Discussion/Feedback on design for market data distribution system

We’ve built a market data distribution system using Kafka with Producers and Consumers coded in both .NET and Java.

The main considerations for market data distribution are:

  • low latency: measured as end-to-end time from receiving a data tick from the market to receipt by the Consumer app

  • high volume: at the open and close of the market the number and rate of ticks is very high. For example: end of day for last trading day (7/22/2021), the peak load for all symbols streaming was:
    1736 messages per second (sustained over 1 minute) (each message is about 50 bytes of binary data)

  • multiple users (consumers) who are consuming the same data: (and need to see the same messages) Client (consumer) apps need to receive messages for 600-1,500 symbols.

To meet these needs and due to the nature of market data, It seems like we made some “unorthodox” choices about how to structure the Kafka integration. Maybe given a greater knowledge of Kafka, there could have been (or could be) wiser choices made:

  • Topics: each symbol is its own topic: this means there will be up to 2,000 topics updated continuously. This seemed the right choice to enable to subscribe only the symbols they want and not needing to receive data for irrelevant symbols.

  • Partitions: only 1 Partition per Topic: The app which is consuming the data needs to receive the messages from the Topic in exact order. It seems like multiple consumers in a group with multiple partitions would push managing the message ordering the the client.

  • Cleanup Policy: uses Log Compaction (primarily). Only the latest market data tick (message) is of interest to the client. So Kafka Messages are using the Market Data symbol as a key so that it is minimizing the number of old (stale) ticks per symbol. On the other hand, some symbols receive data very slowly, so a Time based compaction may remove a message which is still needed. The Cleanup Policy is the same for all topics (since the rate of message by symbol is not predictable.)

  • Consumer Groups: every Consumer is a unique group. There are 2 reasons for this:
    1 - as noted above, messages for a symbol must be received by the Client application in the order they were broadcast by the external system.
    2 - Multiple Client apps (Consumers) subscribe to the same symbol, and they all need to receive at least the latest message in the topic.

  • Increasing throughput of Consumer Apps: Given the 1 Partition per Topic configuration, we enabled the client apps to configure how many Consumers to create, and to Round-Robin the symbol subscriptions across all the Consumers. So instead of having multiple Consumers per Topic, the Topics are split across the multiple Consumers.

If anyone is interested in discussing these points - I would greatly appreciate hearing different ideas about how these requirements could been met with alternate Kafka configurations. Also, it would be great to talk about how this system could be scaled if the load grows beyond what 1 Kafka machine can handle.

1 Like

Hello! Having dealt with market data in Kafka quite a lot, this is interesting to me!

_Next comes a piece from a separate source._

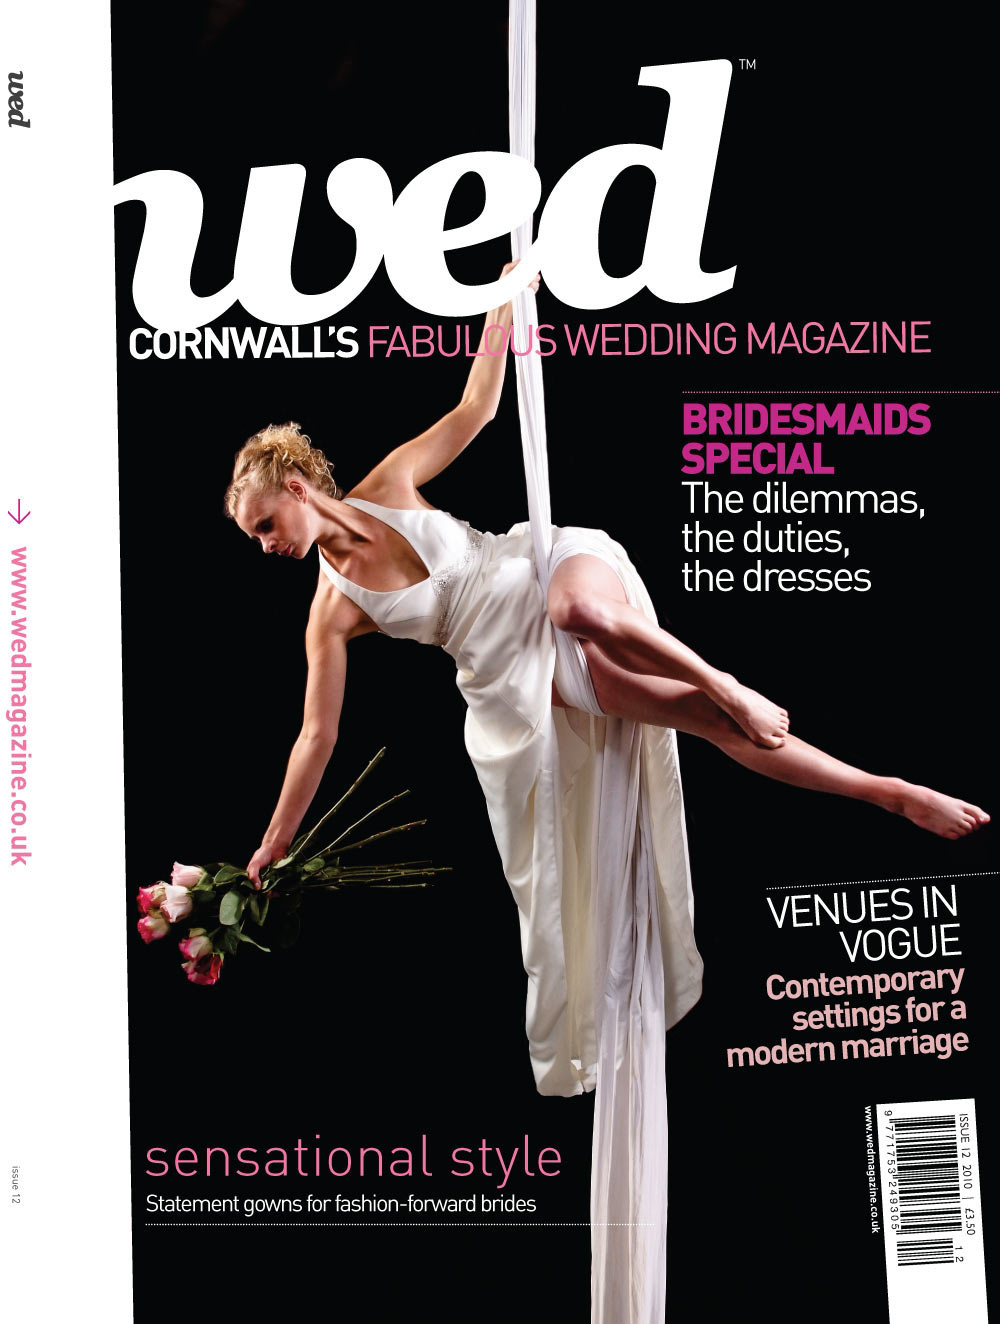 Cornwall Wed Magazine - issue 12

One symbol per topic sounds quite tedious unless this is a well-defined universe of tickers that you don’t expect to change too frequently. If you have multiple applications consuming from these topics, why not have one topic per application (with a single consumer for that application) and write all of the symbols that that application cares about to that topic? If you use one partition for each of those application-specific topics and use log compaction, you’ll still get the data in order and the latest values.

I’d love to hear more about your specific use case and some of the alternative designs you may have come up with!